TO my understanding gyno normally will not be caused by low T , UNLESS the estrogen levels in the body are so high they are oppressive of testosterone. Typically men with low testosterone also have low e, unless they are very overweight or have some other issue such as a tumor etc.
I couldnt say for sure but based on your numbers I would say youre more secondary than primary due to bottom of range LH and FSH. If your testes were damaged from sports and not able to produce sufficient test your FSH and LH numbers would probably be top of range. An hcg test can determine this. It is possible you could have sustained multiple TBI that could result in a secondary condition, medical practitioners (the good ones anyway) are becoming more aware of this. Concussions fuck up guys HPTA.
Good luck with everything bud, I'll be watching your log. Maybe we can all learn something from your experiences.

I have read similar findings with the FSH and LH numbers indicative of sperm production in medical journals.

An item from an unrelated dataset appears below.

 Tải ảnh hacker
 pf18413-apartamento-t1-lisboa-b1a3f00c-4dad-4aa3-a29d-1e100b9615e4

Believe I found the low test and gyno, somewhere on the internet which made sense at the time of reading. I have no facts to back my research at this time.

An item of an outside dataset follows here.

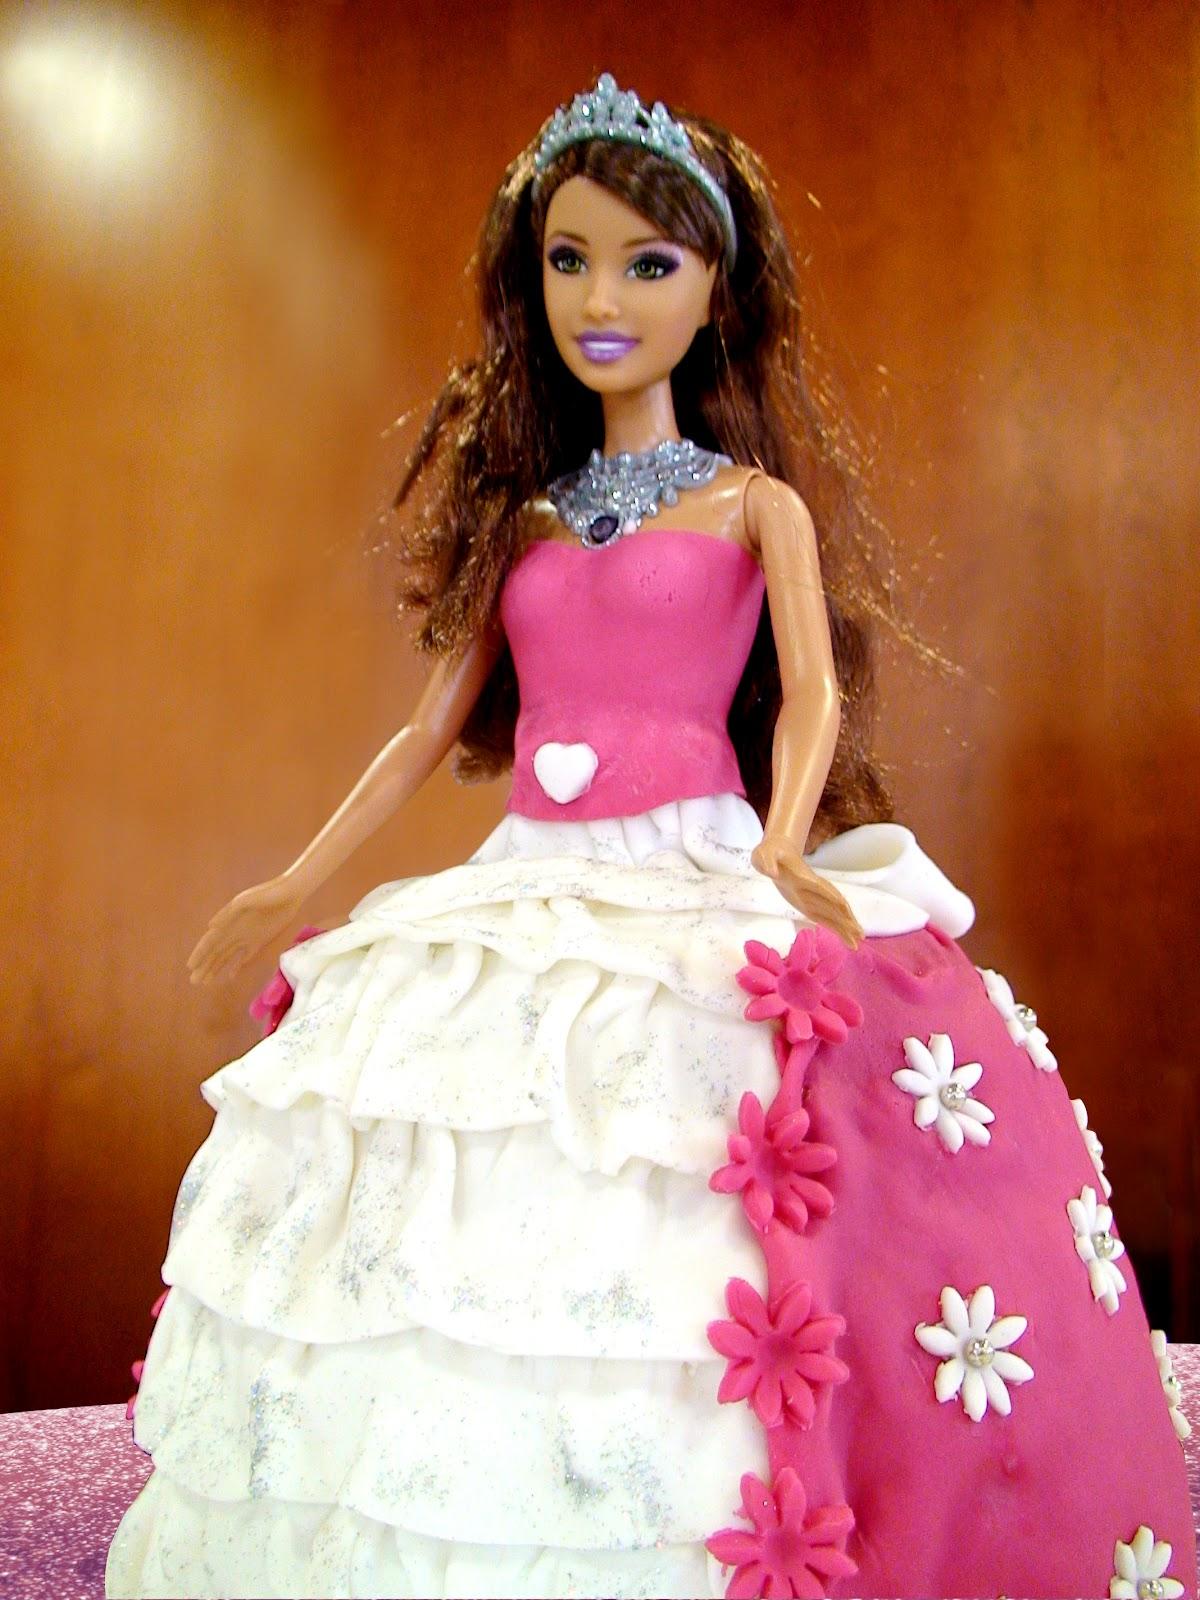 pastis fondant,Barbie

By secondary, do you mean the latter of having a health issue? And do you think in your research, my levels are possible with only one healthy testicle? My presumptions aren’t scientifically backed and would second guess them with new information.

I know I keep repeating myself, but as someone that doesn’t post online and am quite secluded in this venture, the community support here is insane. I truly appreciate you guys for your knowledge, feedback, and support.

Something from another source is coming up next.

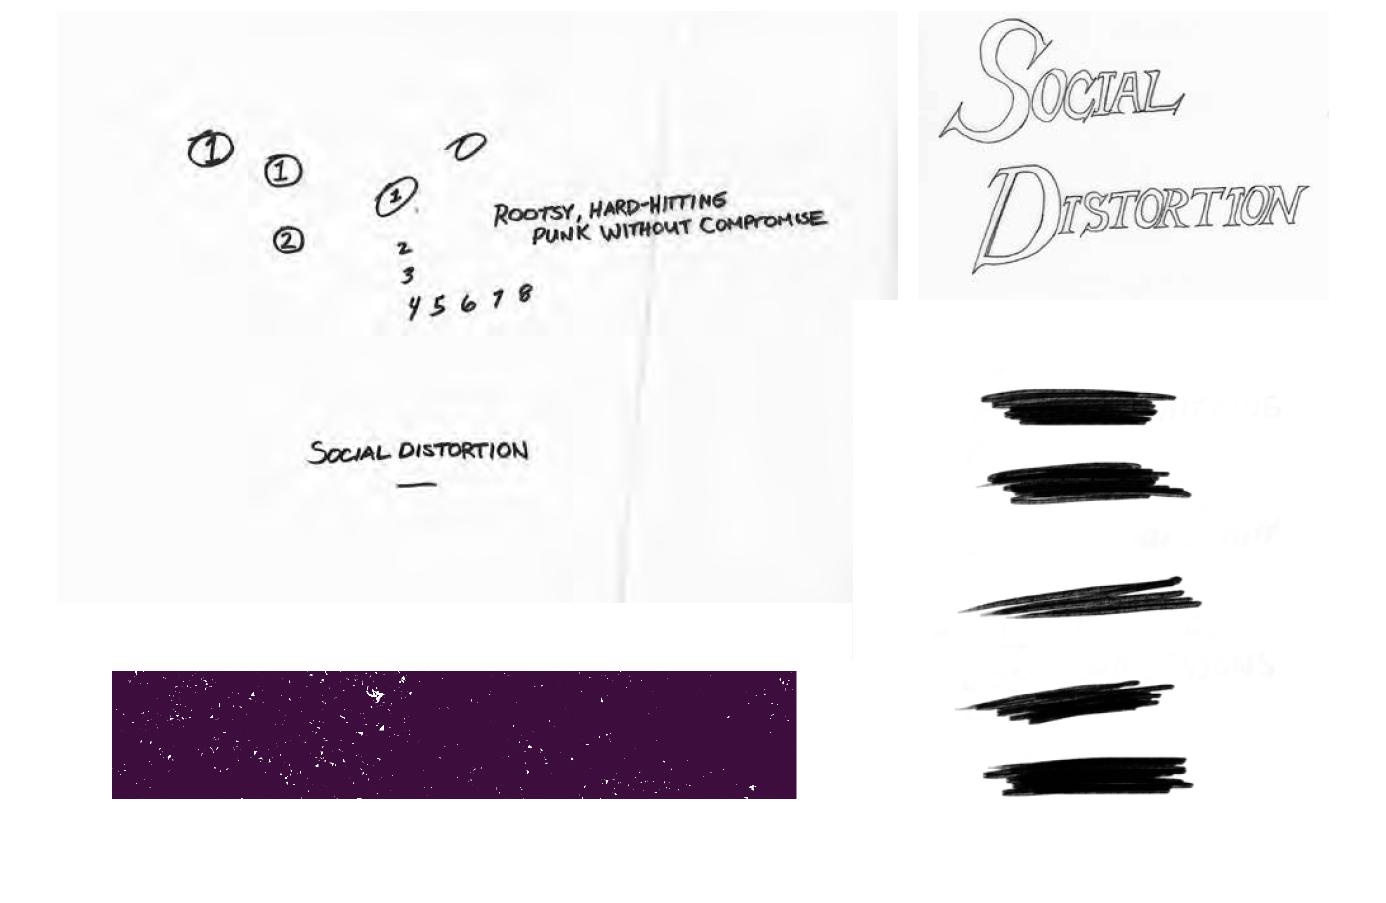 Design element planning

Another update, my gear is on its way and am very excited. A little nervous because this will be a big change in my life. Not only for the physical benefits but finally feeling high test levels. I’m hoping this will level me out mentally. In self reflection, a lot of negatives in my life point to that low test number. Mood swings, anxiety, low self confidence, depression, etc.. things that I’ve worked on my own to take control of, but still suffer from.

I will be updating my thread with my sources and reviewing my experience with each company.
 
Primary Hypogonadism- Testicles dont produce adequate testosterone

Secondary Hypogonadism- Pituitary doesnt signal the testicles for proper production

If you havent already taken the plunge you may want to work with a trt doctor to find where that takes you. ultimately your decision but just throwing options out there for you.
 
Primary Hypogonadism- Testicles dont produce adequate testosterone

Secondary Hypogonadism- Pituitary doesnt signal the testicles for proper production

If you havent already taken the plunge you may want to work with a trt doctor to find where that takes you. ultimately your decision but just throwing options out there for you.

I know I need to see a TRT doc or Endo. I don’t have the best health insurance and the cost is what’s been keeping me from going or else I would’ve went over a year ago when I started researching it.